As of December 31, 1998, and 1997, SET's trading assets and
trading liabilities approximate the following:


- -------------------------------------------------------------------
December 31,
(Dollars in millions) 1998 1997
- -------------------------------------------------------------------
Trading Assets
Unrealized gains on swaps and forwards $ 756 $ 497
Due from commodity clearing organization
and clearing brokers 75 41
OTC commodity options purchased 45 33
Due from trading counterparties 30 16
------------------
Total $ 906 $ 587
- -------------------------------------------------------------------


Trading Liabilities
Unrealized losses on swaps and forwards $ 740 $ 487
Due to trading counterparties 35 41
OTC commodity options written 30 29
------------------
Total $ 805 $ 557
- -------------------------------------------------------------------

Notional amounts do not necessarily represent the amounts
exchanged by parties to the financial instruments and do not
measure SET's exposure to credit or market risks. The notional or
contractual amounts are used to summarize the volume of financial
instruments, but do not reflect the extent to which positions may
offset one another. Accordingly, SET is exposed to much smaller
amounts potentially subject to risk.

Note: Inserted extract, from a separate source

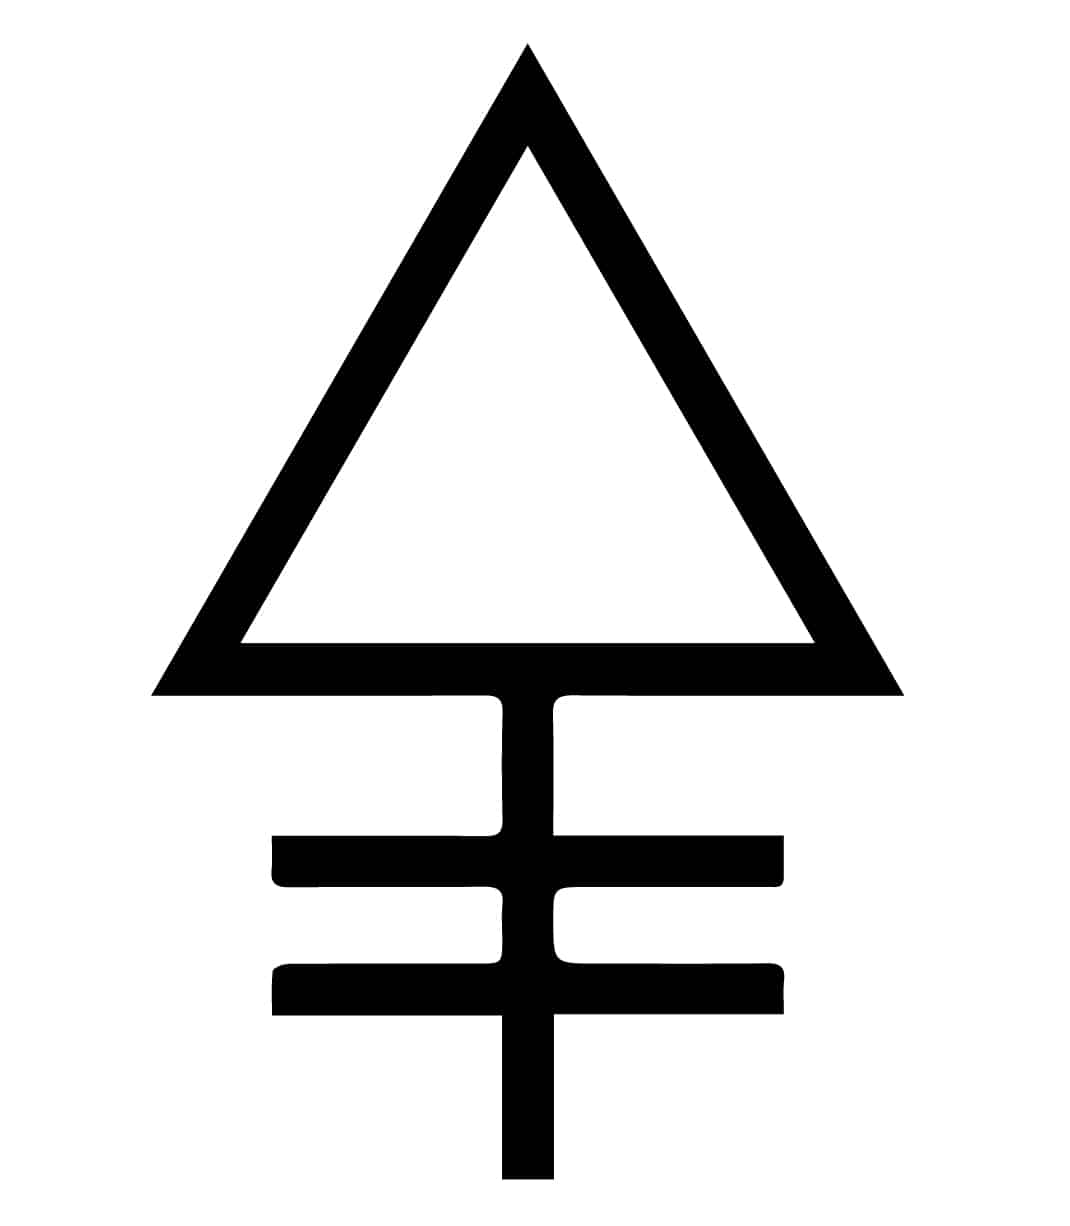 Symbole alchemiczne i ich znaczenie - rozszerzona lista symboli alchemicznych

The notional amounts of SET's
financial instruments are:

- -------------------------------------------------------------------
(Dollars in millions) Total
- -------------------------------------------------------------------
Forwards and commodity swaps $ 5,916
Futures and exchange options 2,915
Options purchased 1,320
Options written 1,298
-------------
Total $11,449
- -------------------------------------------------------------------

NOTE 10: PREFERRED STOCK OF SUBSIDIARIES

- -----------------------------------------------------------------
SoCalGas December 31,
(Dollars in millions) 1998 1997
- -----------------------------------------------------------------
Not subject to mandatory redemption:
$25 par value, authorized 1,000,000 shares
6% Series, 28,664 shares outstanding $ 1 $ 1
6% Series A, 783,032 shares outstanding 19 19
Without par value, authorized 10,000,000 shares
7.75% Series - 75
--------------
$20 $95
- -----------------------------------------------------------------

None of SoCalGas' series of preferred stock is callable. All
series have one vote per share and cumulative preferences as to
dividends. On February 2, 1998, SoCalGas redeemed all outstanding
shares of 7.75% Series Preferred Stock at a price per share of $25
plus $0.09 of dividends accruing to the date of redemption. The
total cost to SoCalGas was approximately $75.3 million.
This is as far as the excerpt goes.